We are ‘victims’ of the times. Awful circumstances
can envelope us, enfold us. Yet quite often, rewarding times can enrich us too.
It’s at the ‘crossing of the threshold’ that we can determine our viewpoints. In
the sense of paradigm shifts needing the dissolution, the degeneration, or the fragmentation
of the old, before the new paradigm asserts itself, one may find the insecure anxiety
of awaiting the certainty of the new, to be disarming, indeed. Like stepping
from the jetty onto the rocking boat; like feeling blindly for the unseen rung
below one’s foot; like hoping in the dark that one’s stretched-out fingers may
click on the light-switch. What does the future foretell?

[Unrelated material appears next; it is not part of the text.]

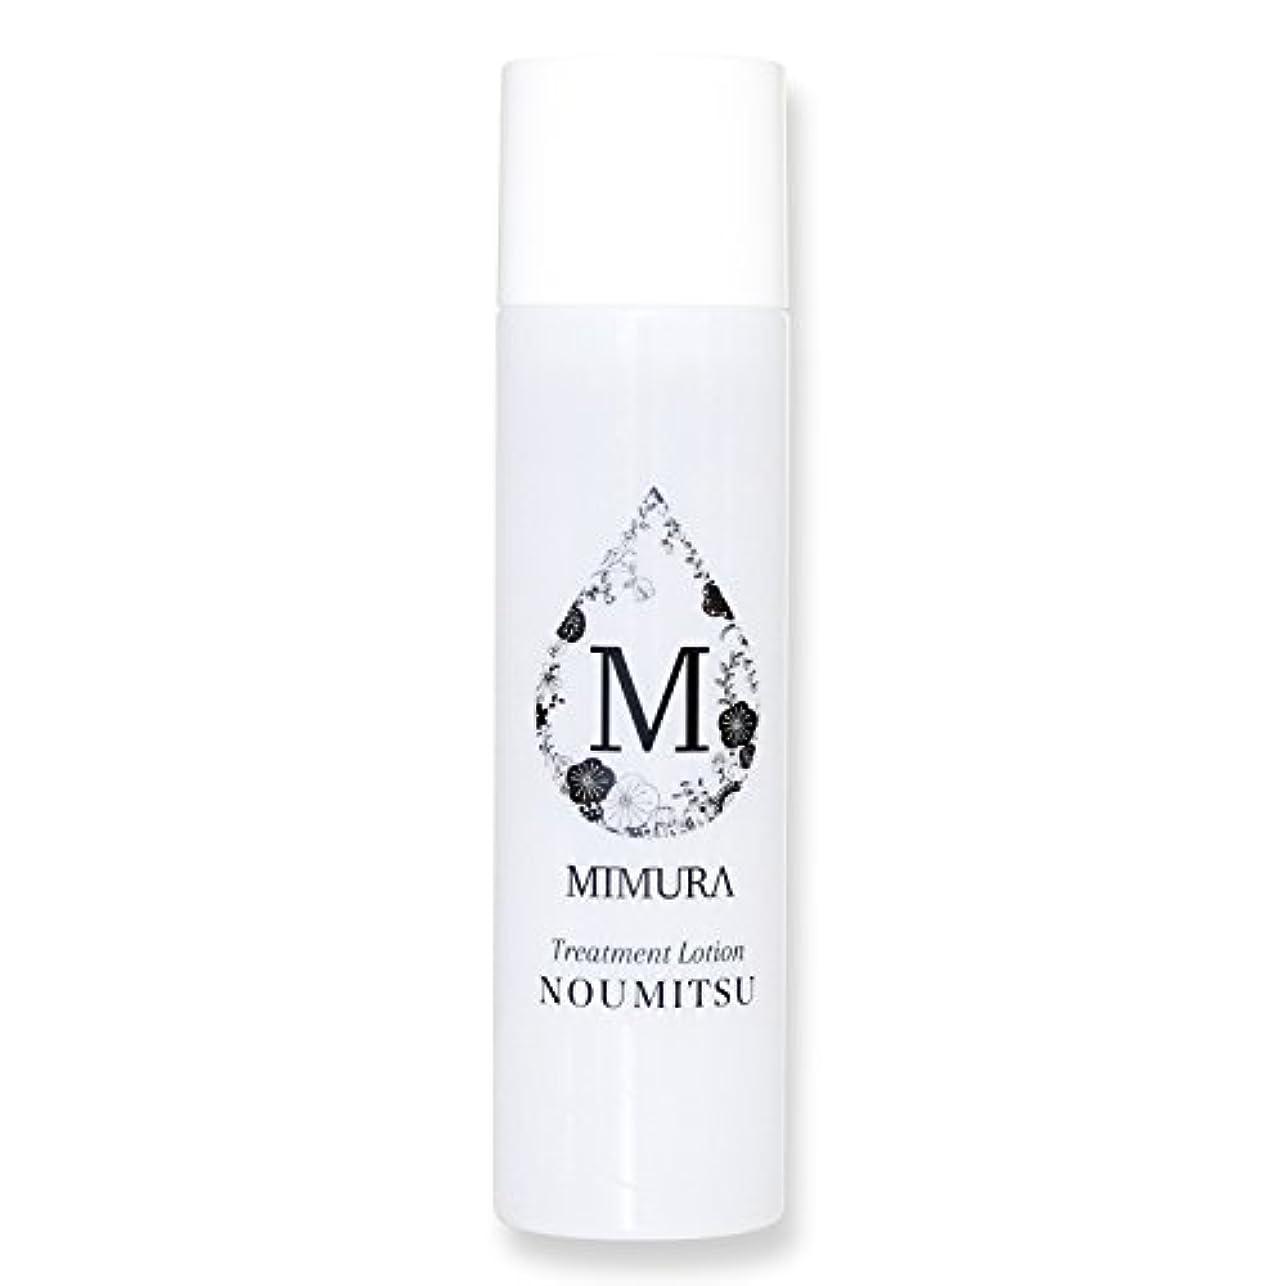 スラダム君主制資本主義ミムラ トリートメントローション NOUMITSU (化粧水) 125mL アスタキサンチン ヒアルロン酸 コラーゲン ローション 日本製 mimura

That’s what happens to Adam, the protagonist of
ADMISSION, A Story Born of Africa. Twice, in the dark, he feels for the light
switch, the same switch, in the generator-machine shed. The first time, when he
is four, it ends in humor. The second time, when he is eleven, it ends in death.
But for Adam the ongoing challenges of his life never culminate in depression;
he is too determined to keep journeying toward a future that is of his own
making. To choose! In his life, each obstacle is something, at the very least,
to be outwaited, since he knows down deep that circumstances keep changing, as
long as he looks for, or awaits, the time to make his choices.
Helpless, we may not always leap the chasms
between what was, and what we foresee; and therein, in that very uncertainty,
can lie our debilitating fear. If life were more assured, we may more easily go
into the ‘good night’ of old age. Not all of it ought to need to be a
raging-rage against the dying of the light. Not every future is dismal. Not
every ‘progress’ is detrimental.
Thing is, depression itself can arise out of
traumatic experiences. But not necessarily. Post trauma (as we know the
syndrome,) is usually the result of some awful experience. But not all
depression needs one’s own direct physical experience; our mental apprehension
can be quite sufficient. The little girl, seeing and hearing her mummy get bitten
by the bee, may register inordinate anxiety over bees the rest of her life. The
boy, seeing and hearing his dad panic over the snake in their path, may never
overcome such built-in fear. Indeed, some of our problem is that many fears are
deeply subconscious. And then again, sometimes we know precisely why we fear,
are anxious, or get depressed. Life has taught us ‘a sadness.’ We feel that we
cannot change our external circumstances, let alone ourselves. We do, indeed,
fear for the future!
Indignities can attend our aging and
bone-aching cage. Hurt digs at our heartsore of personal losses. Anger rises at
those who do not, will not, cannot alter the seemingly clear and imminent
foreclosure on our earth. The dismal outlook for our children; the earth’s
bulging and unchecked masses; the shrinking biodiversity; the soiled ocean; the
gritty air; and the painfully inherent actuality that we no longer shall be
able to protect and contribute and give succor to those we love, closely, much
less the populace and the fauna and flora at large, all of it, is a future
bleak and uncertain and horrid in the foreseeing. Mindfulness, chemistry,
feelings, choices; where does one draw a line? ‘God give me the grace to change
what I can, and to accept the things I cannot’?
Then again, if ‘choice’ be the elixir of
life, then by breathing, now for now, and feeling grateful for each breath, we
may find ourselves a passage of rite; a depression perhaps given light; right?